US immigration officials installed a whole load of personal apps on work phones
US customs workers put their country at risk when they were found to have installed a bunch of personal apps on their work phones, an official rebuke has said.
An audit carried out by the US Department of Homeland Security Office of the Inspector General between April and August 2023 found that Immigration and Customs Enforcement (ICE)-managed devices had presented a serious security risk to the US government.
The result? No fewer than six recommendations were provided by the Inspector General in a management alert addressed to ICE’s Deputy Director.
Government put at risk by its own employees
According to the letter, “thousands” of applications had been installed on ICE devices by employees, contractors, and other agency workers, including “applications from companies banned from US Government information systems.”

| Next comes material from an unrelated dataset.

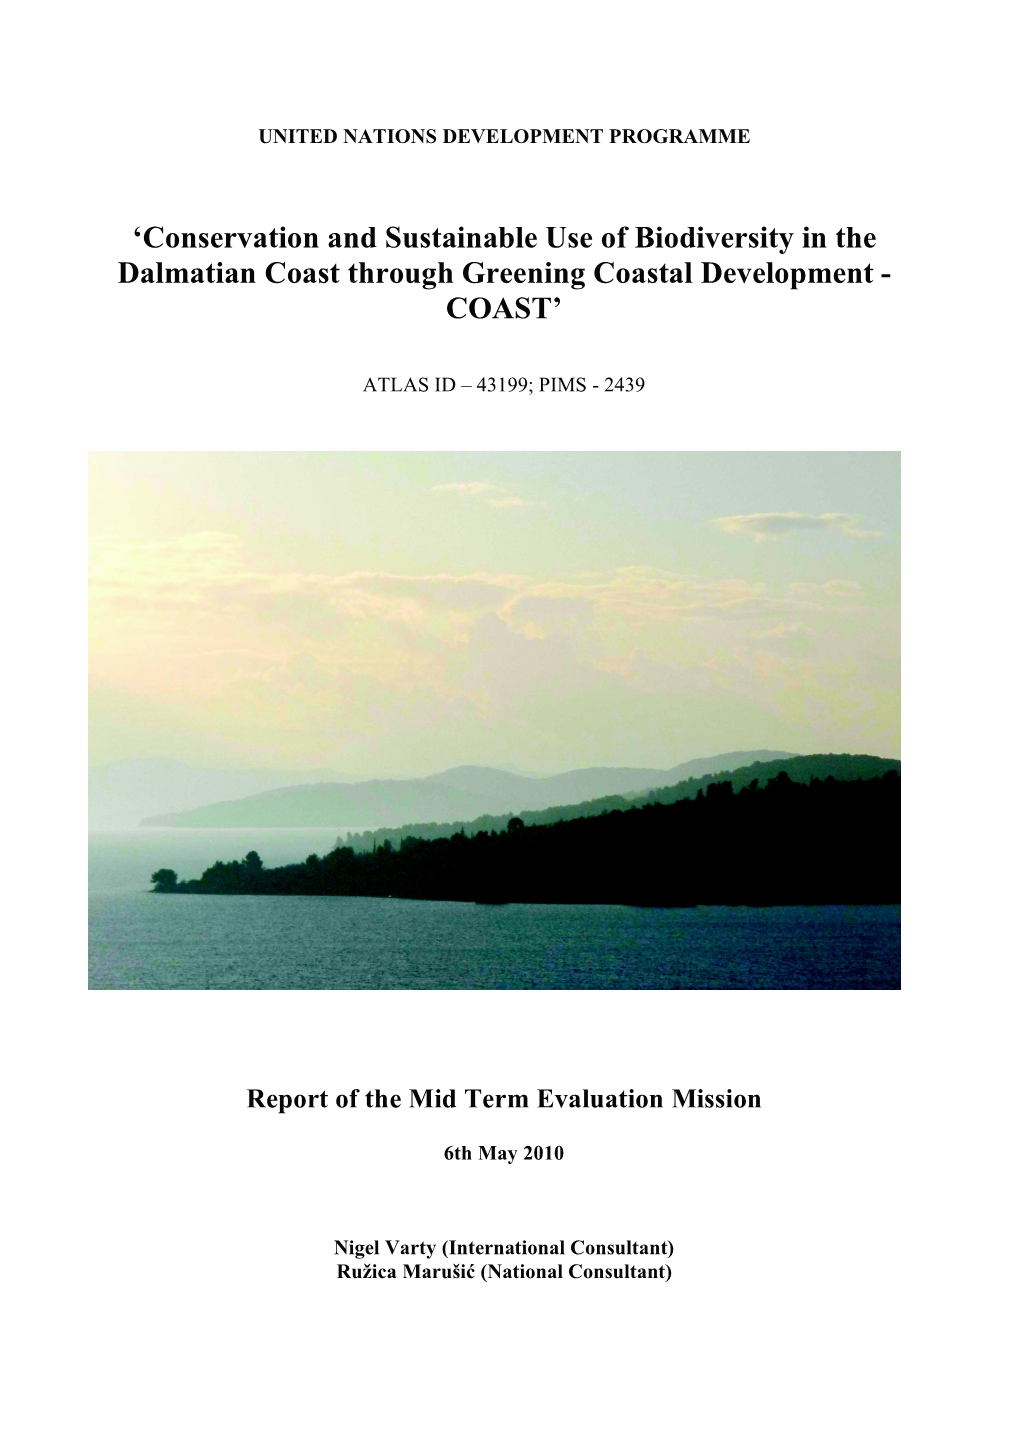 Conservation and Sustainable Use of Biodiversity in the Dalmatian Coast Through Greening Coastal Development - COAST’

The public version of the letter leaves some sections redacted, including the Inspector General’s mention of applications associated with two unknown entities. Given the US government’s recent approach to some Chinese firms, it’s possible that the two unknowns could be associated with spyware or malware – we can only speculate, though.
As well as banned apps and others associated with potentially malicious companies, countries, or developers, US ICE workers had also gone on to install third-party file-sharing applications (we all know the effects of the recent MOVEit breach), third-party VPNs, and third-party messaging apps, some of which with known vulnerabilities.

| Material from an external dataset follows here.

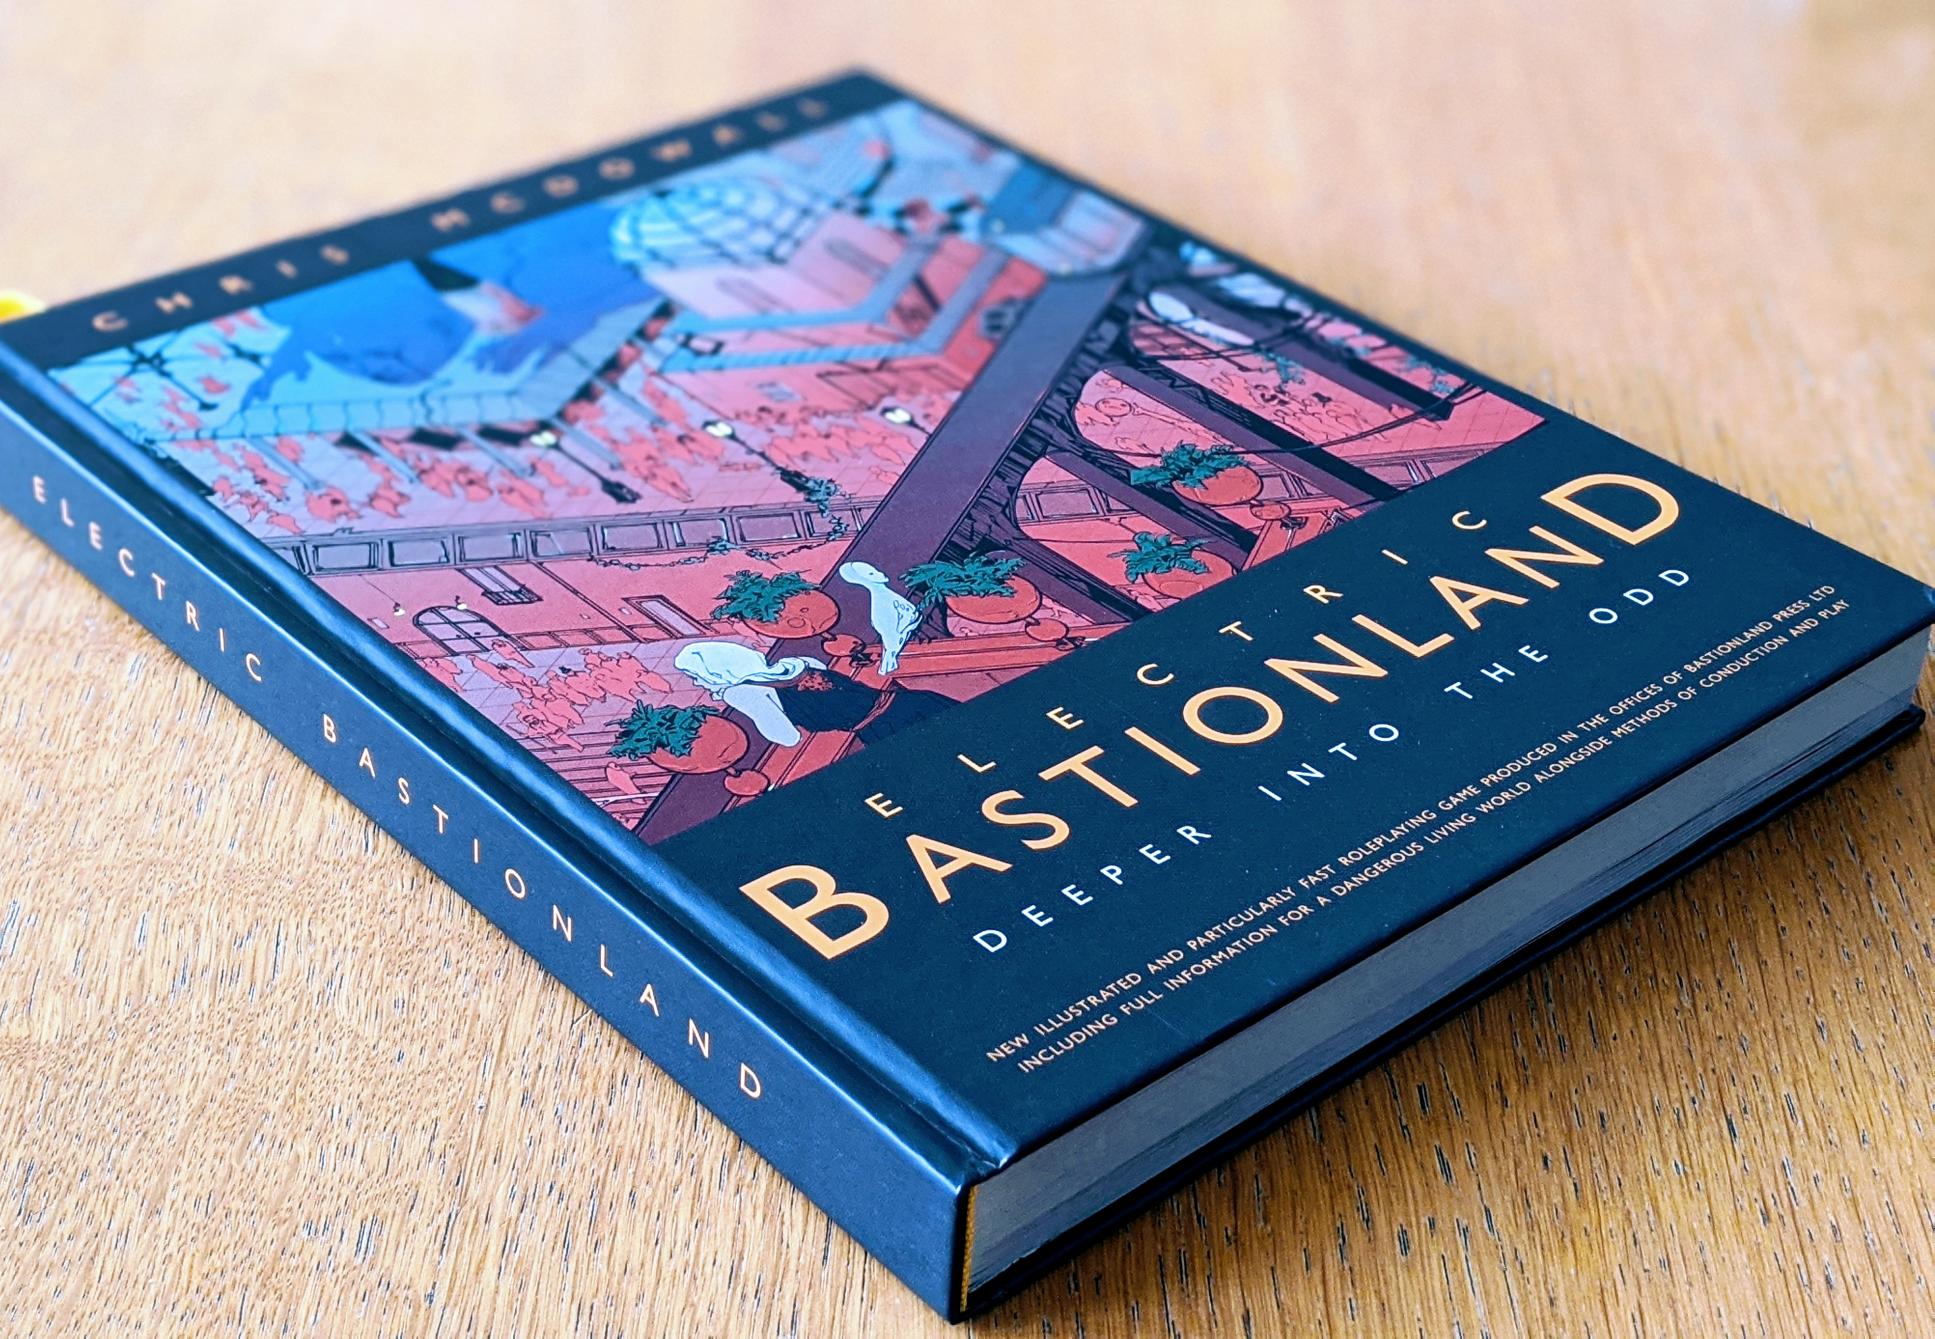 Electric Bastionland + PDF

Ultimately, the Immigration and Customs Enforcement department was found to be at fault for “not sufficiently manag[ing], monitor[ing], or assess[ing] mobile applications.”
The first five recommendations directed at the ICE Chief Information Officer include: removing prohibited applications; assessing any breaches of sensitive information; introducing a process to assess and reduce such risks; introducing a policy to ensure that third-party applications on affected devices are up-to-date; and bringing the ICE and Department of Homeland Security (DHS) policies into better alignment.
The sixth suggestion is that the DHS Chief Information Security Officer investigates whether similar issues exist for other DHS agencies.
While some of the recommendations have already been acted upon, the report clearly signals the need for government agencies across the globe to keep their own policies up-to-date amid growing cybersecurity threats.